The high selectivity and affinity of bisphosphonates to bone make them useful for drug delivery to bone metastases. In addition to binding to the bone, bisphosphonates have demonstrated induction of apoptosis in cancer cells by indirect inhibition of adenine nucleotide translocase via intracellular accumulation of isopentenyl pyrophosphate [105]. Bisphosphonates also improve tumor response to treatment by depleting tumor-associated macrophages that support tumor growth. These additional properties make bisphosphonates attractive for targeted drug delivery to sites of bone metastasis [67].
Various bisphosphonates, particularly Aln and Zol, have been explored for active targeting of nanoparticles to the bone. The presence of a primary amine in Aln and the modifiable nitrogen group in Zol makes them amenable to common conjugation chemistries used with drug-delivery systems [65,67]. As such, bisphosphonates have been used to target different types of NPs, including polymeric, inorganic, and liposomes, to the bone matrix (Figure 3).
Conjugating, anchoring, or coating of NPs with bisphosphonates increased the accumulation and retention of polymeric biodegradable NPs in bone tumors [96]. Conjugation of Aln to NPs, formulated from block copolymer PLGA and polyethylene glycol (PEG) (PLGA-b-PEG), showed a six-fold increase of NP accumulation into bone [95]. Improvements in bone accumulation were observed with other Aln-conjugated polymeric nanocarriers, which corresponded to successful delivery of therapeutics to the bone after intravenous injection [95,96,97] (Figure 3B–D). The conjugation of Zol to PLGA-PEG NPs increased their accumulation into the bone by 50-fold after 24 hours postinjection. Importantly, the amount of Zol-conjugated PLGA-PEG NPs in bone metastases was five-fold greater than in naïve bones, suggesting increased specificity to the lesions [97]. An important aspect of bisphosphonate-mediated targeting is the decrease in toxicity attributed to changes in drug pharmacokinetics and biodistribution. For example, Aln-conjugated micelles decreased cardiotoxicity of doxorubicin and increased efficacy at inhibiting bone resorption in animal models of bone metastasis [99].
Bisphosphonates also readily bind onto inorganic NPs for drug delivery and imaging applications. For example, Zol-anchored mesoporous silica NPs demonstrated four-fold greater binding to bone compared to plain silica NPs. Additionally, Zol-coated mesoporous silica NPs showed more significant interactions with cancer cells, resulting in higher cell death [106].
The addition of imaging functionality to the NPs can improve their clinical application by improving diagnostic techniques or enabling tracking of therapeutic particles in the body. Zoledronate-anchored mesoporous silica NPs covered with gadolinium have been employed for imaging bone metastases, in addition to treating them [98]. In these studies, Zol is anchored to the silica NPs by the pH-sensitive linker N,N-carbonyldiimidazole, to ensure the release of Zol after cellular endocytosis of the NPs, to improve its action intracellularly [98].
Similarly, self-assembling pH-sensitive micelles functionalized with PEG showed increased accumulation into bone metastasis after conjugation to Aln. Once in the acidic tumor microenvironment, the NPs degrade to release their therapeutic load [99].

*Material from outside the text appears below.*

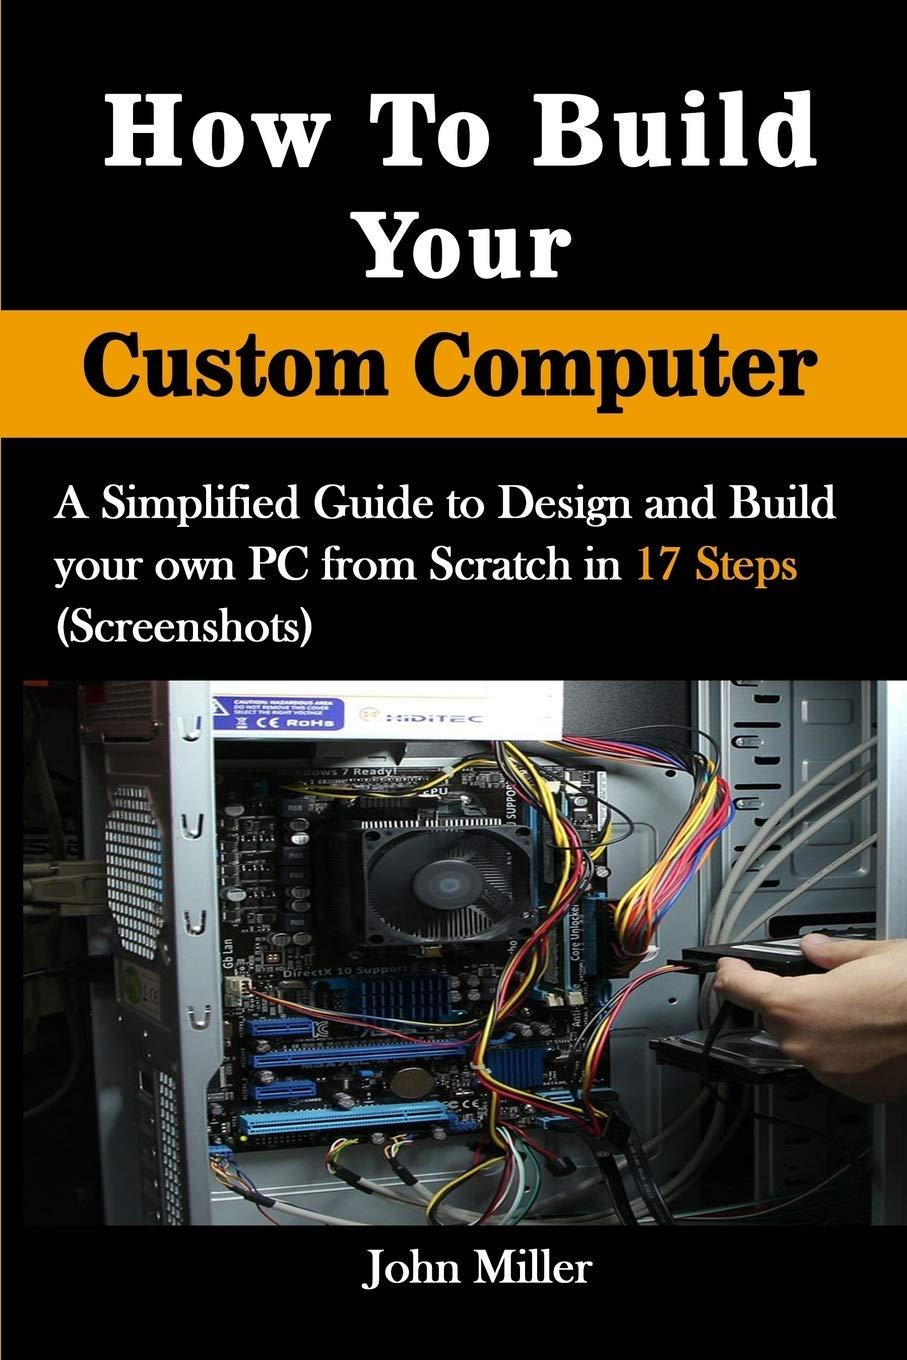 how to build your custom computer a simplified guide to design and build your own pc from scratch in 17 steps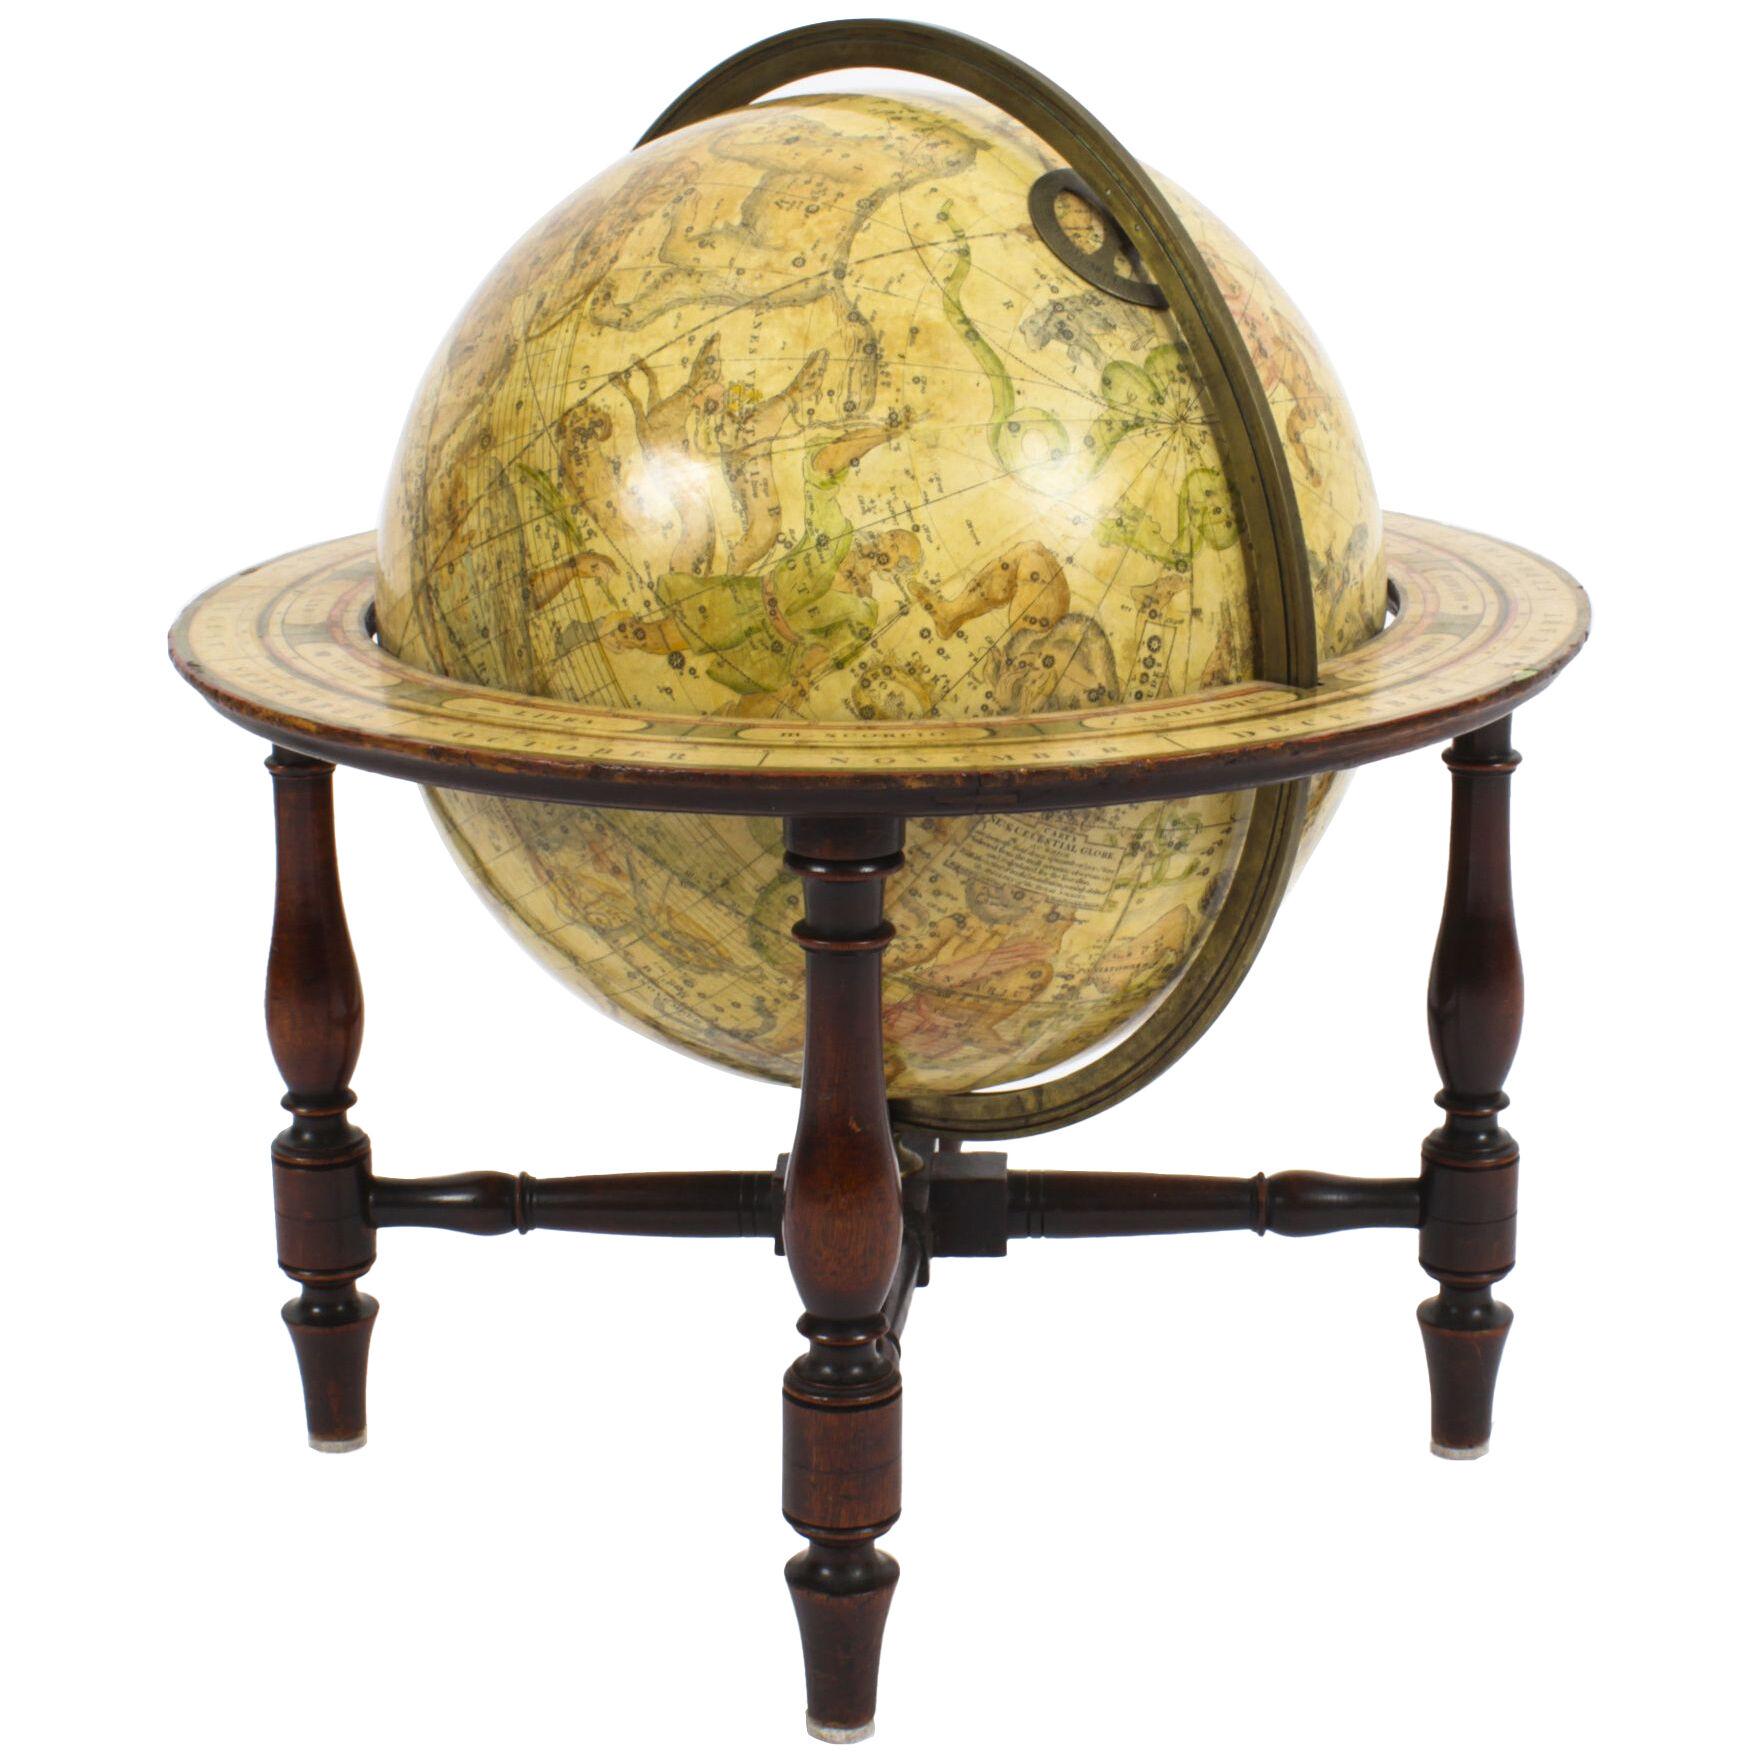 Antique 12" Cary's New Celestial Library Table Globe On Stand 19th C

Tetracyclines (TETs) are natural or semisynthetic broad-spectrum antibiotics (acting on both gram-positive and gram-negative bacteria) that inhibit protein synthesis in bacteria [107]. The affinity of TETs to bone was observed soon after their discovery [108]. Tetracyclines have high affinity to HAp and inhibit osteoclast function, which resulted in their disuse in pediatric medicine, as they may prevent bone growth and remodeling [109].
The high affinity of TET to HAp can be exploited to target NPs to the bone, while the innate fluorescence of TET under ultraviolet light allows for the rapid assessment of the targeting efficiency of TET-conjugated NPs [110]. The conjugation of TET to PLGA NPs increased bone accumulation two-fold compared to untargeted NPs. Interestingly, TET-conjugated NPs also had lower accumulation in the liver, suggesting a general change in the biodistribution and pharmacokinetics of the NPs [101].


Hydroxyapatite-binding peptides provide another strategy for localizing therapeutics to the bone. Early studies mimicked the repeating acidic amino acid sequences of non-collagenous HAp-binding proteins by using repeating units of aspartate [111] or glutamic acid [112] to increase bone localization. Subsequent studies, however, utilize phage display to identify unique peptides that bind to HAp [113,114]. Ultimately, these peptides could be utilized with various polymeric, inorganic, or liposomal NPs to target the bone lesion.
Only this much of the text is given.